**DATA SHOWN:**
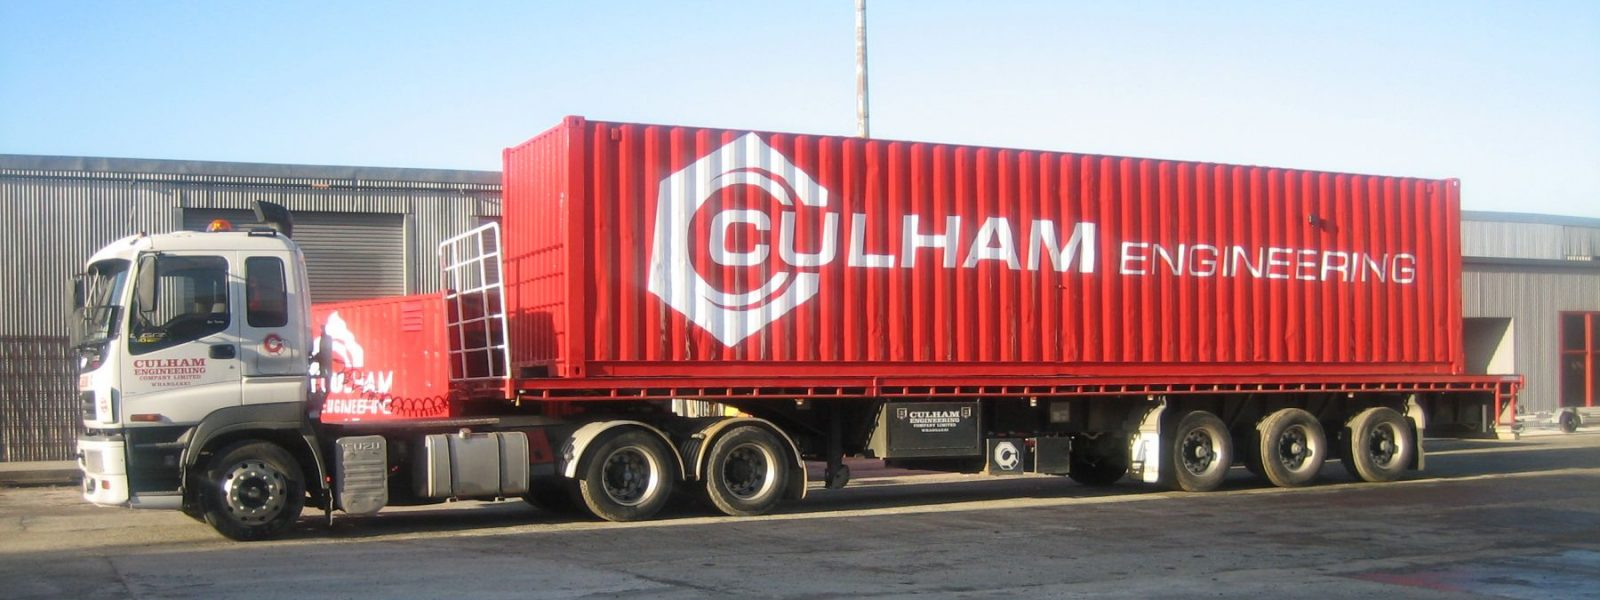 Heavy Haulage Trucks
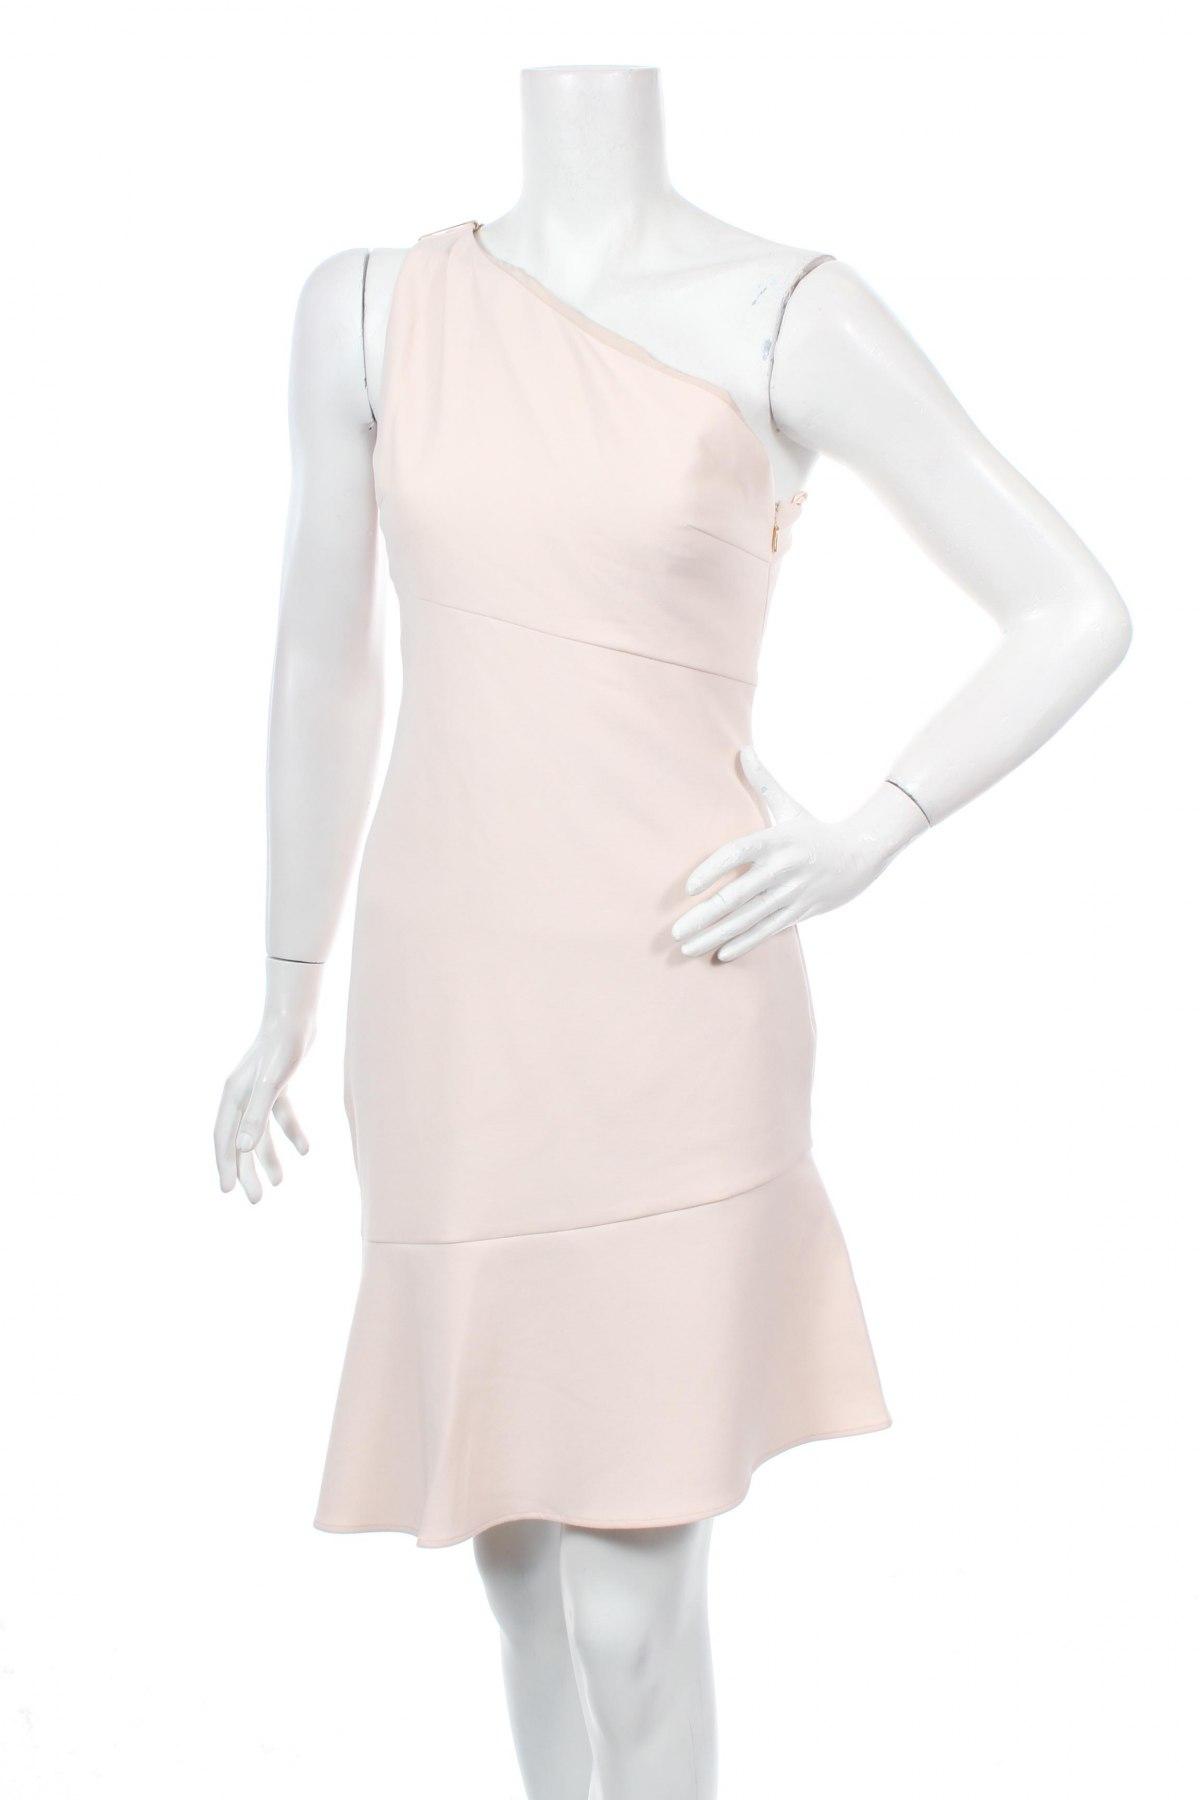 7440e2b60 Dámske Šaty - nakupujte za východné ceny.
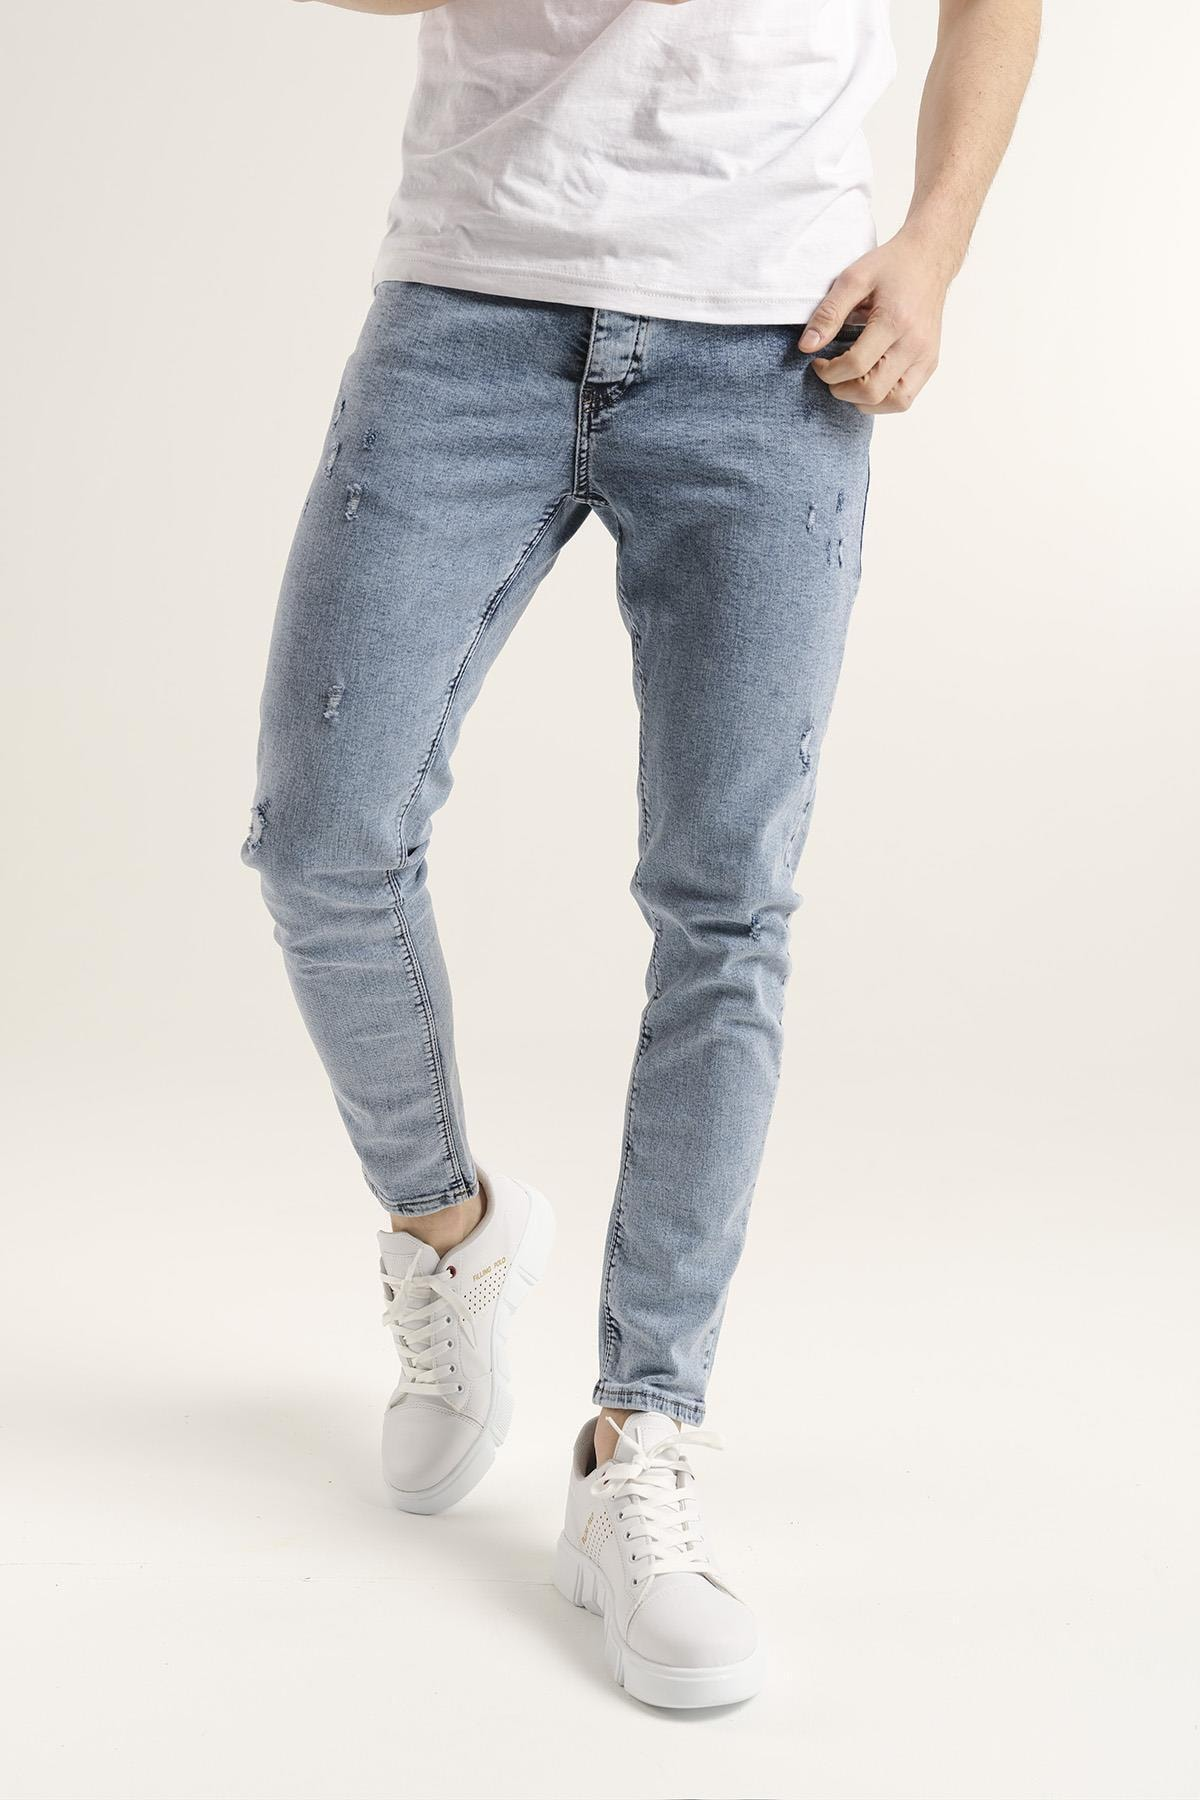 Reax 301 Slim Fit Likralı Erkek Jean Pantolon

**WHAT TO PRODUCE:**
The result should be the full listing, retyped exactly and free of pictures.

**TASK SOLUTION:**
 Heavy Haulage Trucks
 7440e2b60 Dámske Šaty - nakupujte za východné ceny.
 Reax 301 Slim Fit Likralı Erkek Jean Pantolon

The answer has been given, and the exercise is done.